Я огляделась, дотянулась до брошенного кем-то ножа, разжала щенку зубы и сунула в пасть палку. Если он станет выть в полную силу – я сломаюсь. Он, определенно, владеет звуком не по-человечьи, я бежала спасать его, не помня себя. Это было внушение, избирательное и тонкое. Странно: на людей Ларкса не подействовало… или просто – на людей? Я думаю намеренно подробно, для самоуспокоения жую мысли, как ивовую кору. Кстати, где бы её набрать? Было бы кстати сделать отвар для малыша. Не теперь, а позже, когда он пойдет на поправку… думаю – и режу.
Давно заметила, если мне дать скальпель, я будто остываю. Хоть визжи щенок, хоть рычи – буду резать, руки не дрогнут. Он, кстати, и визжит, и рычит… а я не слушаю, слишком много внимания отвлекает обдумывание волкодлачьей анатомии. Вторым потоком мыслей я беру травмы в объеме и последовательно строю в сознании план операции. Деда Пётра научил, он же сказал: это не мутация, а особенность. У меня особенность – сильная. Закрываю глаза, чтоб зрение не мешало… рисую план предстоящего. Вот щепки, две вошли в нервные центры, еще одна пропорола крупный сосуд. Вот колья, особенно плохо с центральным в затылке, разрушен нервный узел. Вот рана на боку…
Первый надрез. Я занята, мне наконец-то хорошо, даже не тошнит. Делаю все по плану. Сначала останавливаю кровопотерю, затем режу ткани глубже, выбираю щепки пинцетом, в футляре есть один, но маленький, работать неудобно. Шью. Чем дальше продвигается операция, тем я покойнее. Пульс ровненький, тридцать пять без всяких там «плюс-минус нервы». Такова моя норма, скорее всего.
Прощупываю следующую рану, обдумываю план.
Режу. Выдираю щепки.
Режу…
Когда всё закончилось, у меня адски болела рука. У людей сухожилие под спином после отбора тканей восстанавливается долго и неполно. У меня – почти сразу и бесследно. Люди Пуша редко соглашаются стать донорами жил для двух больных, еще реже – для трех. Но я вне зоны риска в этом смысле.
Щенок давно смолк, он без сознания. Ничего, главное – дышит.

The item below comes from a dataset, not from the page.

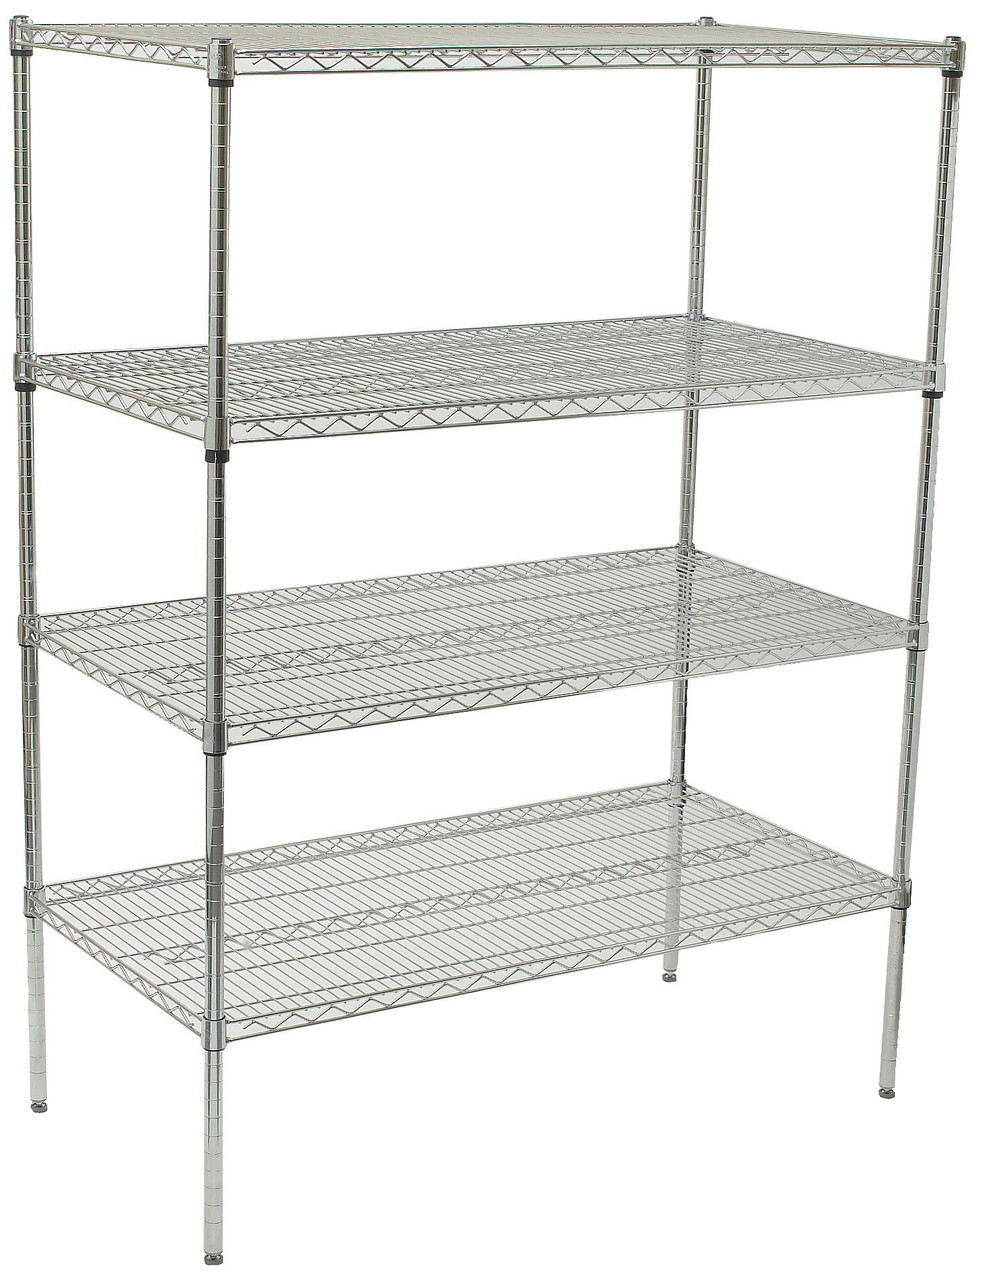 Winco 4-Tier Wire Shelving Set, Chrome Plated, 18" x 36" x 72"

Осматриваюсь. Тот же кровавый ад, но с дополнениями. Мухи роятся. Муравьи облепили лужицы крови. Сонные в прохладный день осы взбодрились, грызут человечье мясо… Громадные в о роны, их уже пять, и наверняка скоро станет больше, хлопают крыльями и неодобрительно наблюдают меня и малыша – живых. Из-за дальнего ствола неопознанная тварюшка тоскливо взблёскивает желтыми голодными глазами. Явно мелкая: чтобы не лезть в драку, ей довольно запаха мертвого зверя.
Зверь, кстати, вон он. Даже после гибели – великолепен и страшен. Ярости в нем килограммов на двести. Клыки безупречны. Когти под стать. Он лежит, продолжая в последнем усилии рвать чей-то бок. И сам – на боку. И кишки… Нет, я не намерена снова делиться желчью с лесом. Мне дурно, но я хочу жрать, а не избавляться от остатков пищи. Нету их.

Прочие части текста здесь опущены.